Well this past month has been chaotic to say the least…from various members of the family being unwell, small pregnancy complications, our world being an absolute nightmare where news stories make me shudder. To annoying landlords, sad goodbyes and noisy hedgehogs! (Seriously those cute little blighters caused me a sleepless night!!)
I have not been the best wife, mum, friend, human being, Christian.
This journey towards…wherever we’re headed…has been tough and it seems to be getting tougher!! I spoke to a current curates wife recently and I came away feeling drained and quite scared…this had nothing to do with her as a person, but just the thought of what is to come, we talked a lot about her experiences….
You know though…It doesn’t have to be that bad does it? Can we make it what we want it to be? I get that there are frustrations with ‘the job’ as it were, but can we put things in place? For example, I’m terrified that I’ll never see my husband or the children will never see their dad because he’s so busy with church stuff…so perhaps having a date night and a family day and sticking to it would be a good idea? Is that realistic? Or not…will those times be shattered by some nagging church warden wanting to talk about flowers, or even worse…the death of a church member, where he just has to be there. No questions asked.
I’ll have to share him. I know that. But, is it really as bad as I’m making out?
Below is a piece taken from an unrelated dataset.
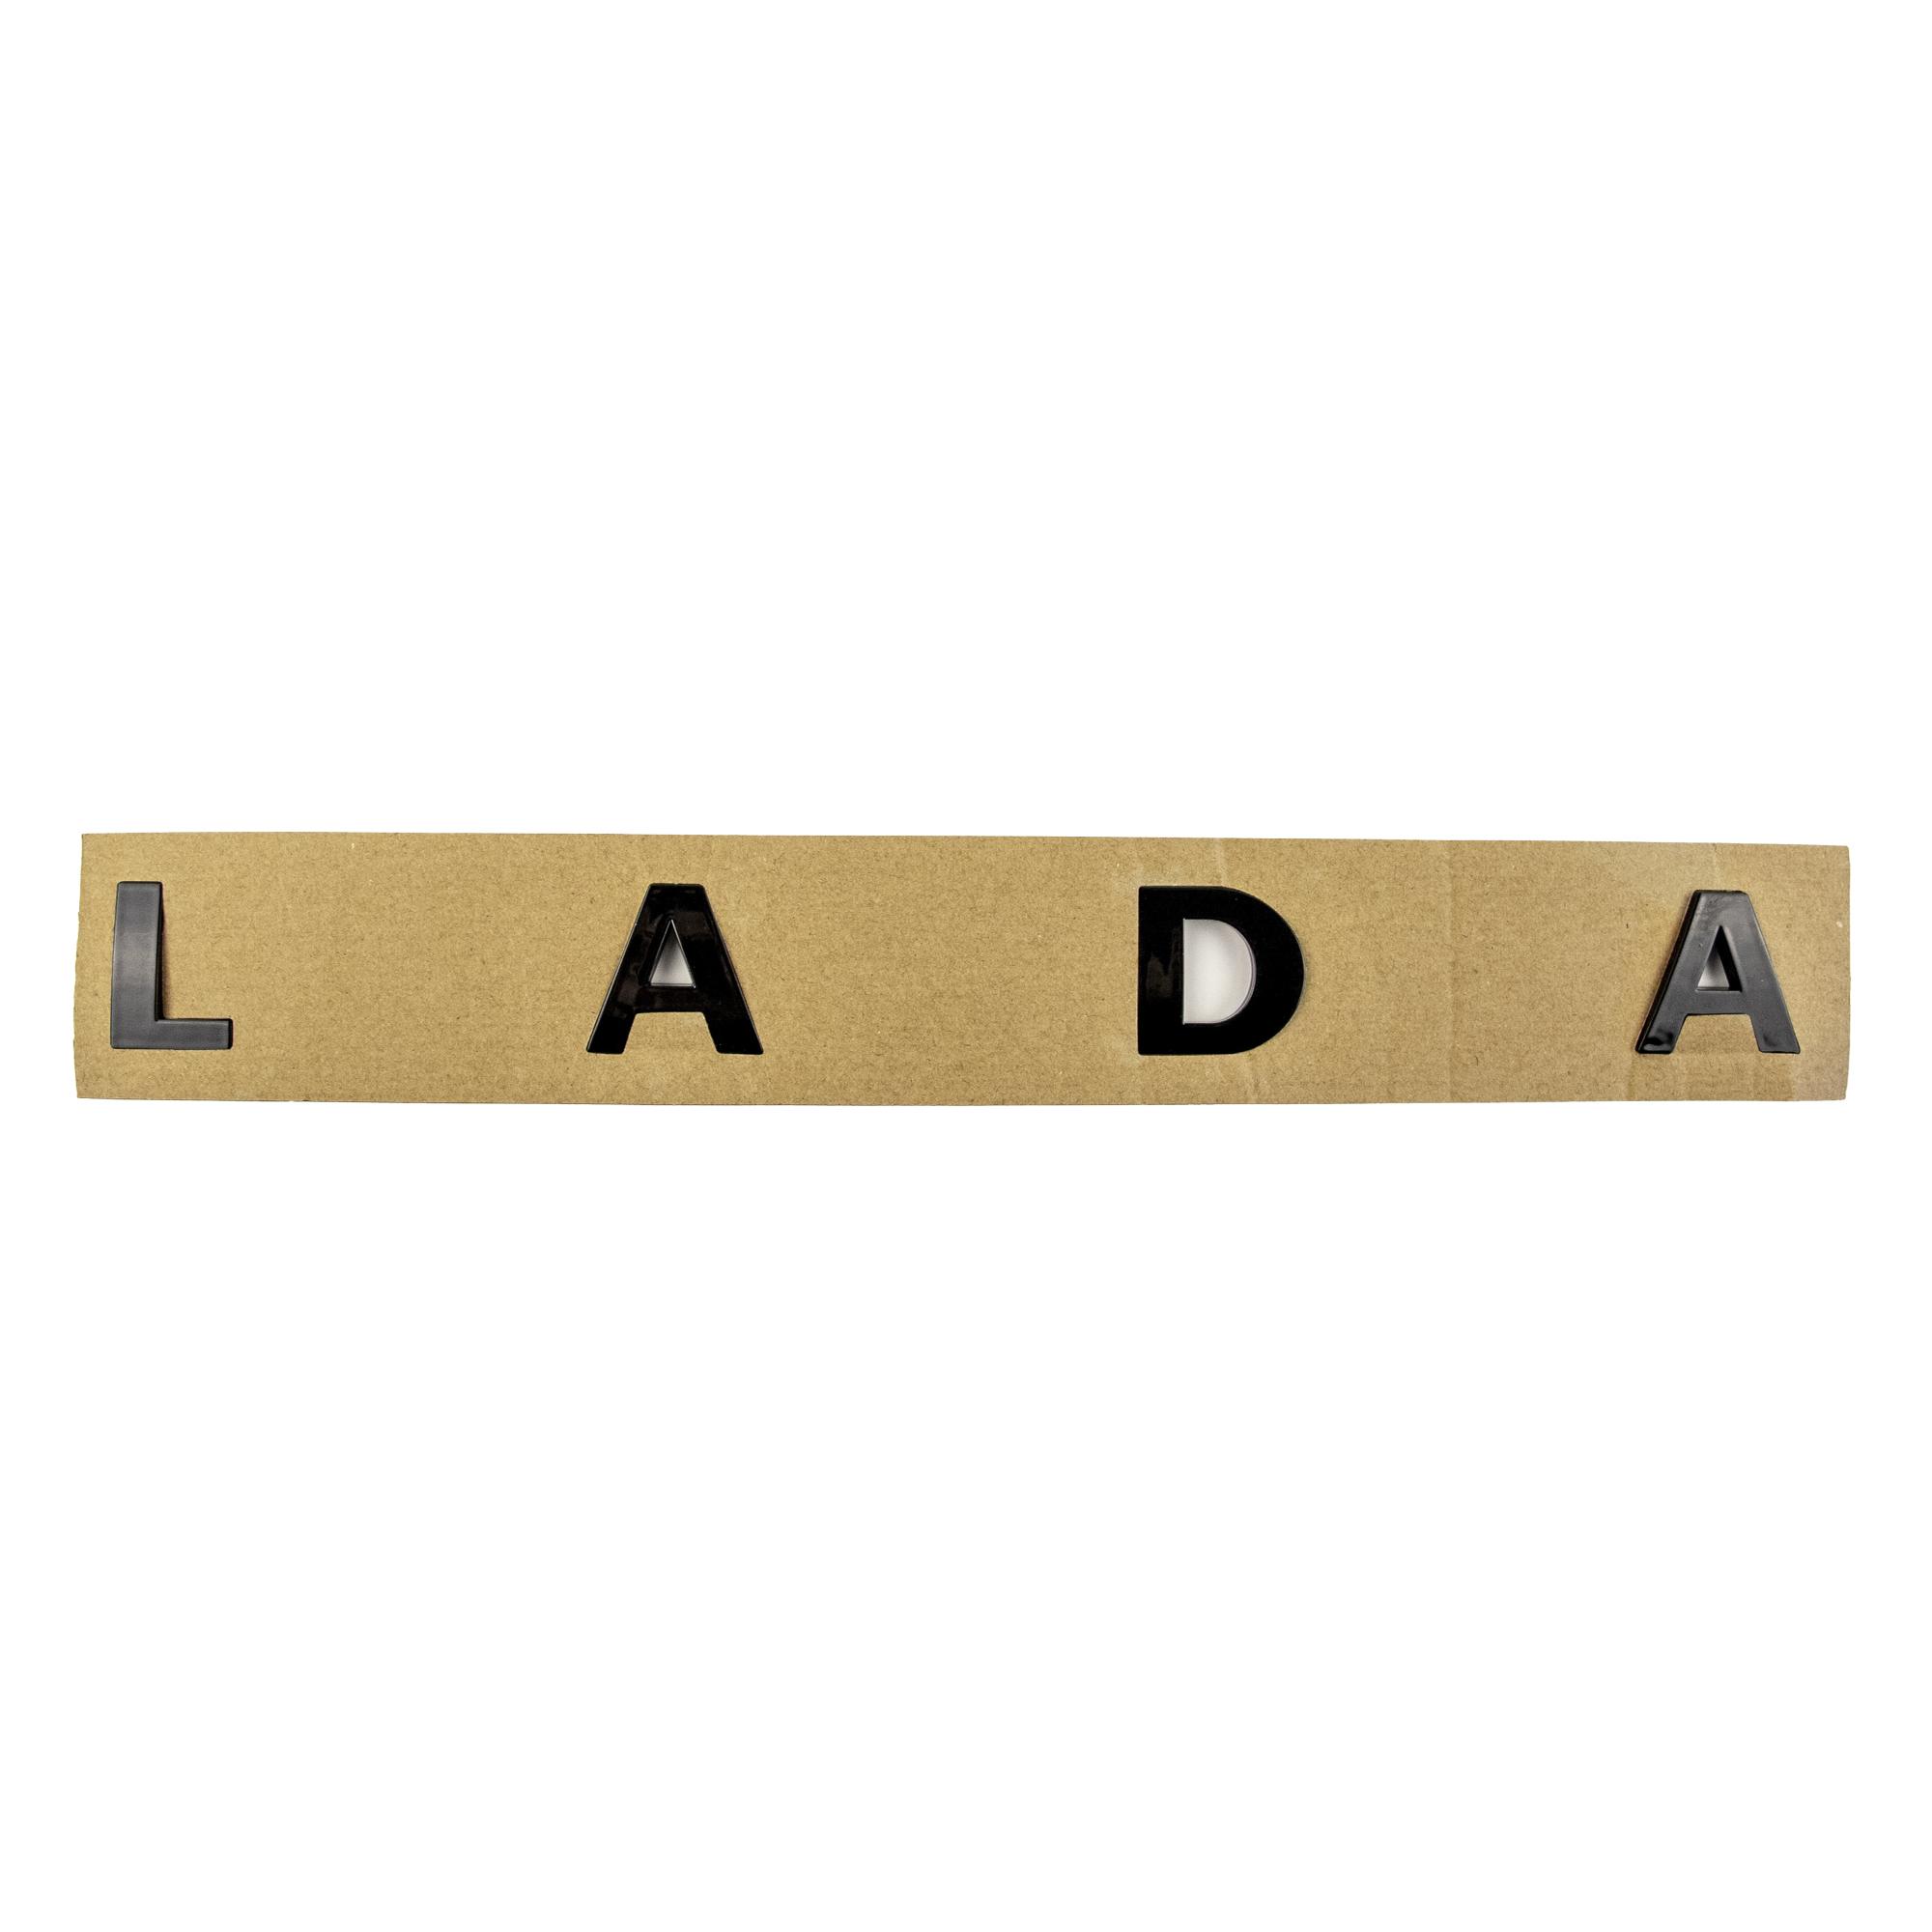 Эмблема решетки радиатора LADA (нового образца) – черный глянец

There have been millions of vicar’s wife’s throughout the ages and people are still doing it, I guess it’s bit like childbirth…painful and scary, but totally worth it and we recommend it to others…sometimes anyway.
I may have said this before but, where we live at the minute, we often get hot air balloons coming over. I love watching them float past, they seem so quiet, slow and peaceful, probably a different story if I was actually on one!…but they make me feel peaceful, which is just what you need at the end of a busy day. With just 5 weeks left until we make our big move to vicar school, amongst the chaos…I’m praying for a bit of peace. Peace over the packing and sorting…(our house looks like a jumble sale), peace over my husband as he finishes work and tries to contain his excitement and impatience!, peace over my children, all 2.5 of them, as they probably pick up on the tensions, peace over myself as I get ready to say goodbye to our lives here and say hello to completely new life as a vicars wife to be, and finally peace over our future, what ever it brings. May we find Gods peace.